In this workshop, we mainly solicited contributions that discuss those questions on a fundamental level, take stock of the state-of-the-art, offer theoretical arguments, or take well-argued positions, as well as actual evaluation papers that offer new insights, e.g., question published results, or shine the spotlight on the character-istics of existing benchmark data sets. As such, topics include, but are not limited to

• Benchmark datasets for data mining tasks: are they diverse/realistic/challenging?

• Impact of data quality (redundancy, errors, noise, bias, imbalance, ...) on qualitative evaluation

• Propagation/amplification of data quality issues on the data mining results (also interplay between data and algorithms)

• Evaluation of unsupervised data mining (dilemma between novelty and validity)

• Evaluation measures

• (Automatic) data quality evaluation tools: What are the aspects one should check before starting to apply algorithms to given data?

• Issues around runtime evaluation (algorithm vs. implementation, dependency on hardware, algorithm parameters, dataset characteristics)

• Design guidelines for crowd-sourced evaluations

Contributions

The workshop featured a mix of invited speakers, a number of accepted presentations with ample time for questions since those contributions were expected to be less technical, and more philosophical in nature, and an extensive discussion on the current state, and the areas that most urgently need improvement, as well as recommendations to achieve those improvements.

Invited Presentations

Four invited presentations enriched the workshop with focused talks around the problems of evaluation in unsupervised learning. The first invited presentation by Ricardo J. G. B. Campello, University of Newcastle, was on "Evaluation of Unsupervised Learning Results: Making the Seemingly Impossible Possible". Ricardo elaborated on the specific difficulties in the evaluation of unsupervised data mining methods (namely clustering and outlier detection) and reported on some recent solutions and improvements, with special focus on the first internal evaluation measure for outlier detection [6].

The second invited presentation by Kate Smith-Miles, University of Melbourne, was on "Instance Spaces for Objective Assessment of Algorithms and Benchmark Test Suites", describing attempts to characterize data sets in a way to allow a map of the landscape of varying problems that shows where which algorithms perform good and this way also to identify areas where no good algorithm is available. This approach has been applied to characterize optimization problems [7] and classification problems [8]. It would be interesting to see this also on unsupervised learning problems.

The third invited presentation by Bart Goethals, University of Antwerp, reported on "Lessons learned from the FIMI workshops", a series of workshops that Bart run with others roughly 15 years ago, focusing on the runtime behavior of algorithms for frequent pattern mining [4,2]. Bart highlighted the various problems encountered in these attempts, for example the difficulty in assessing truly algorithmic merits as opposed to implementation details.
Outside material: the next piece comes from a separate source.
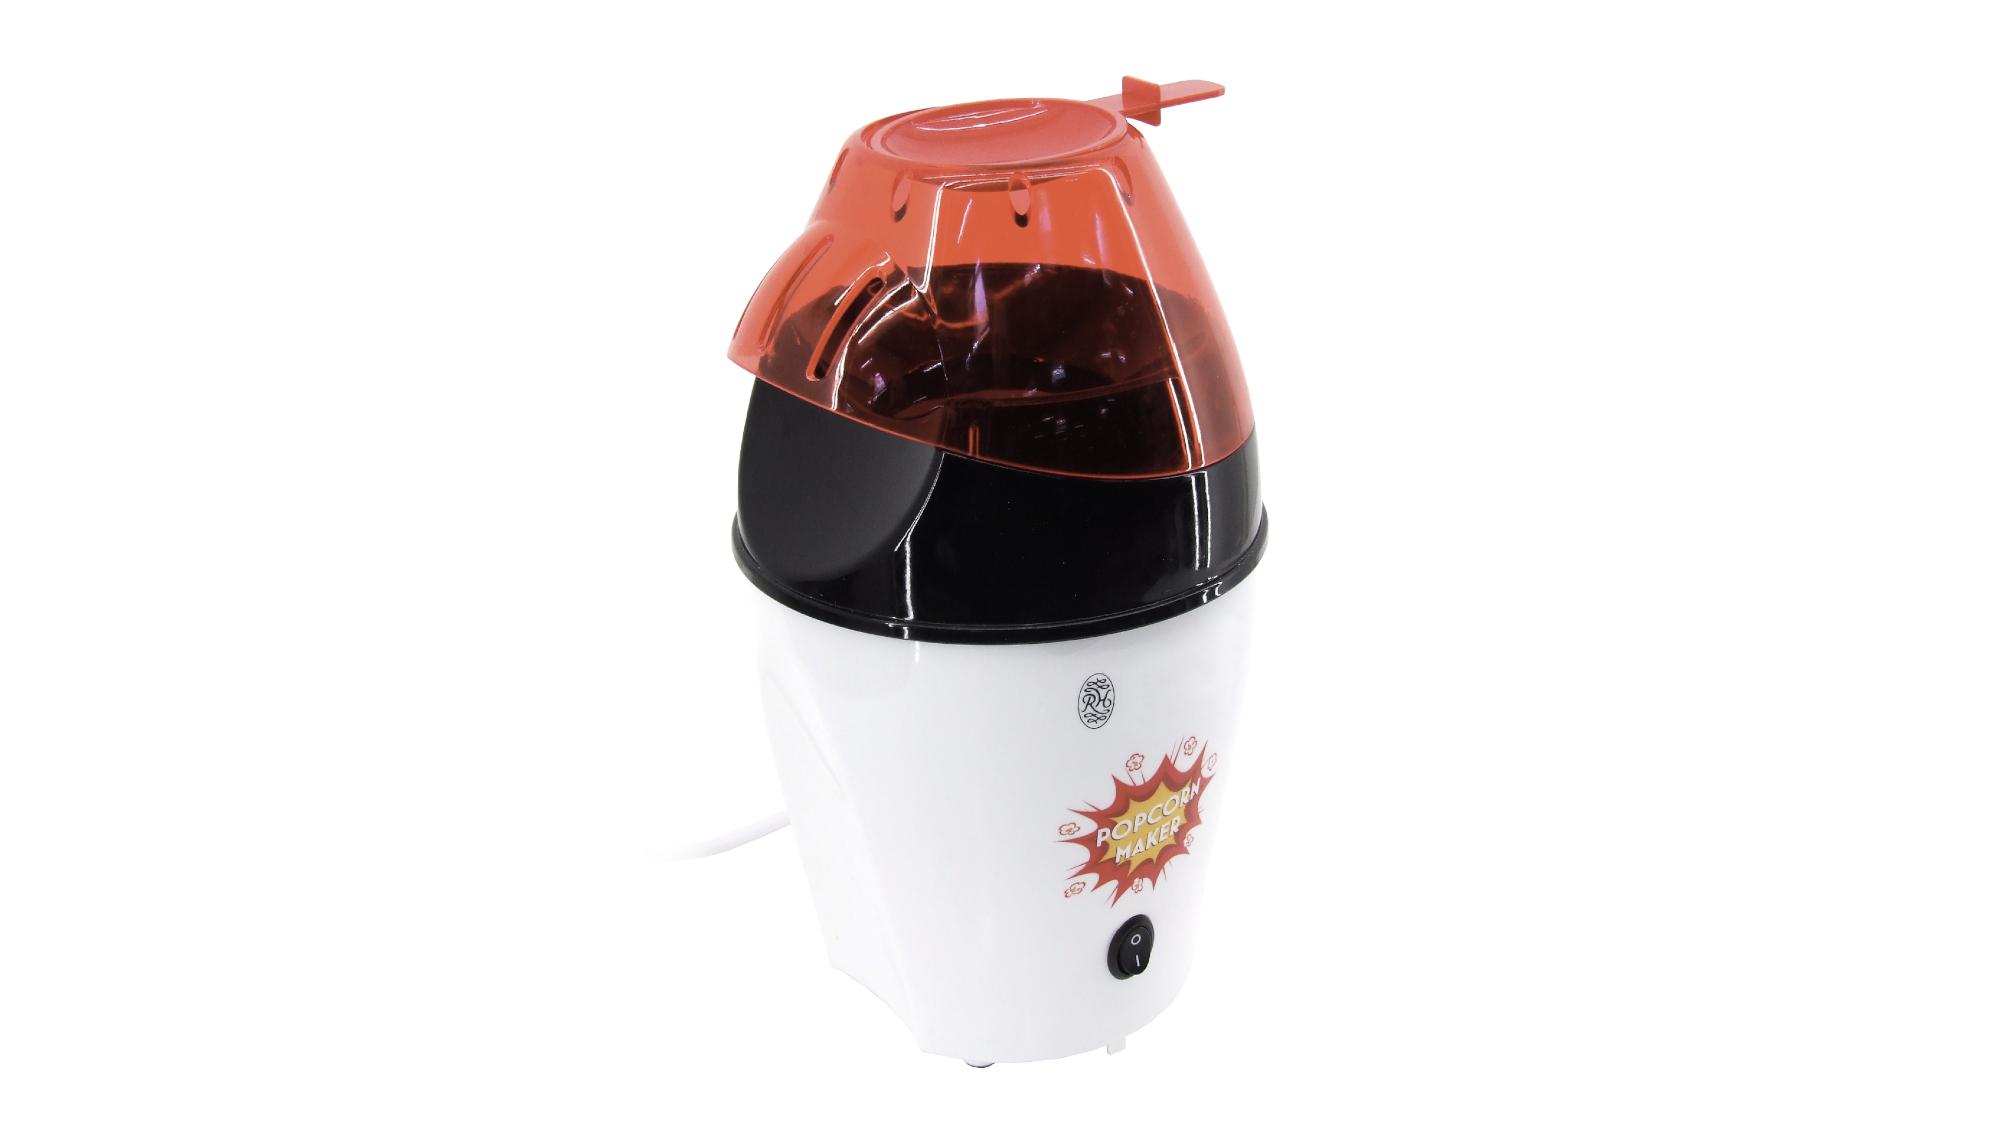 Heißluft-Popcornmaschine leihen
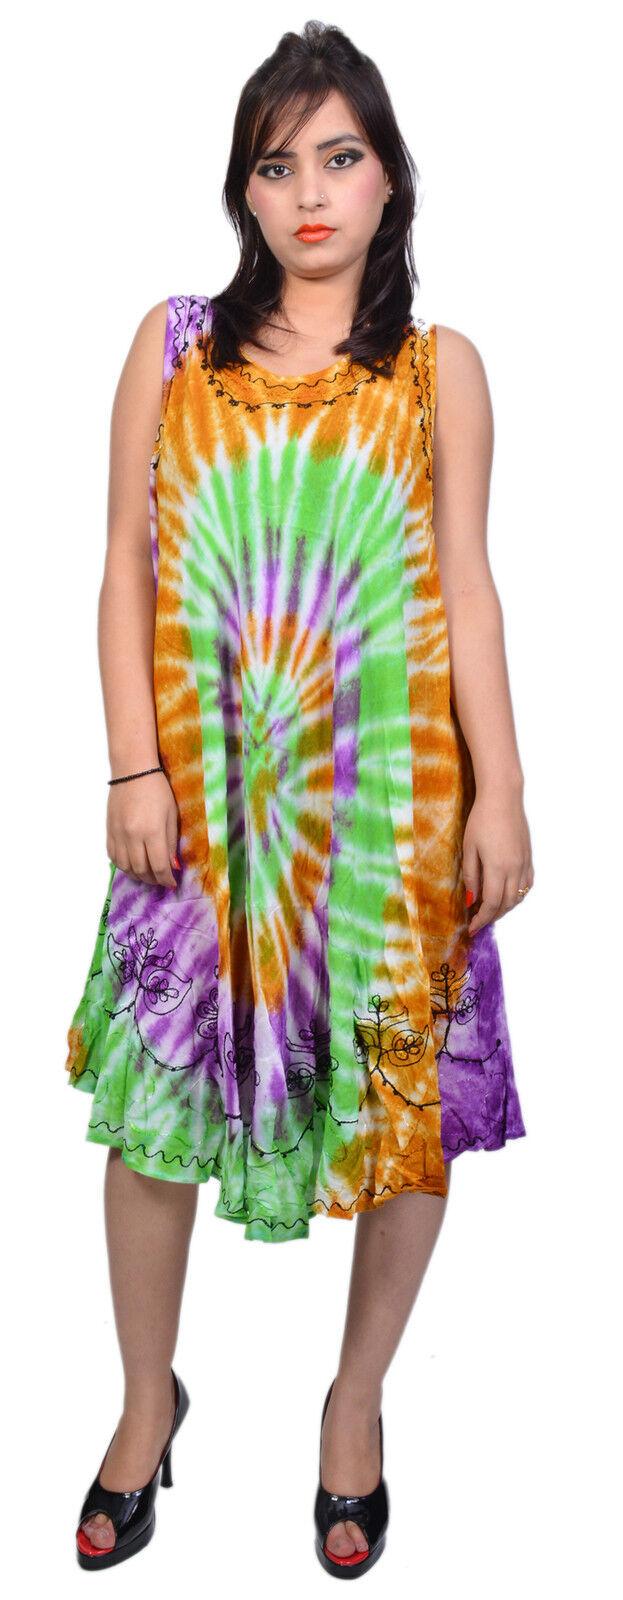 Wevez New Trendy Women Summer Casual Sleeveless Evening Party Beach Dress 10 Pcs

The fourth invited presentation by Miloš Radovanović, University of Novi Sad, reported on observations regarding "Clustering Evaluation in High-Dimensional Data" and an apparent bias that is shown by some evaluation indices w.r.t. the dimensionality of the data [10].

Contributed Papers

The submitted papers discussed a variety of problems around the topic of the workshop.

In "EvalNE: A Framework for Evaluating Network Embeddings on Link Prediction", Alexandru Mara, Jefrey Lijffijt, and Tijl De Bie describe an evaluation framework for benchmarking existing and potentially new algorithms in the targeted area, motivated by a observed lack of reproducibility.

Martin Aumüller and Matteo Ceccarello contributed a study on "Benchmarking Nearest Neighbor Search: Influence of Local Intrinsic Dimensionality and Result Diversity in Real-World Datasets", in which they study the influence of intrinsic dimensionality on the performance of approximate nearest neighbor search.

In their contribution "Context-Driven Data Mining through Bias Removal and Incompleteness Mitigation', Feras Batarseh and Ajay Kulkarni describe case studies for the use of context to overcome obstacles based on data quality (or a lack thereof) and thereby to improve the quality achieved in the corresponding data mining application.

Based on the instance space analysis techniques for optimization and for classification problems as discussed earlier in the invited presentation by Kate Smith-Miles, in "Instance space analysis for unsupervised outlier detection" Sevvandi Kandanaarachchi, Mario Munoz and Kate Smith-Miles discuss an approach to extend these techniques to the unsupervised and therefore more challenging problem of outlier detection.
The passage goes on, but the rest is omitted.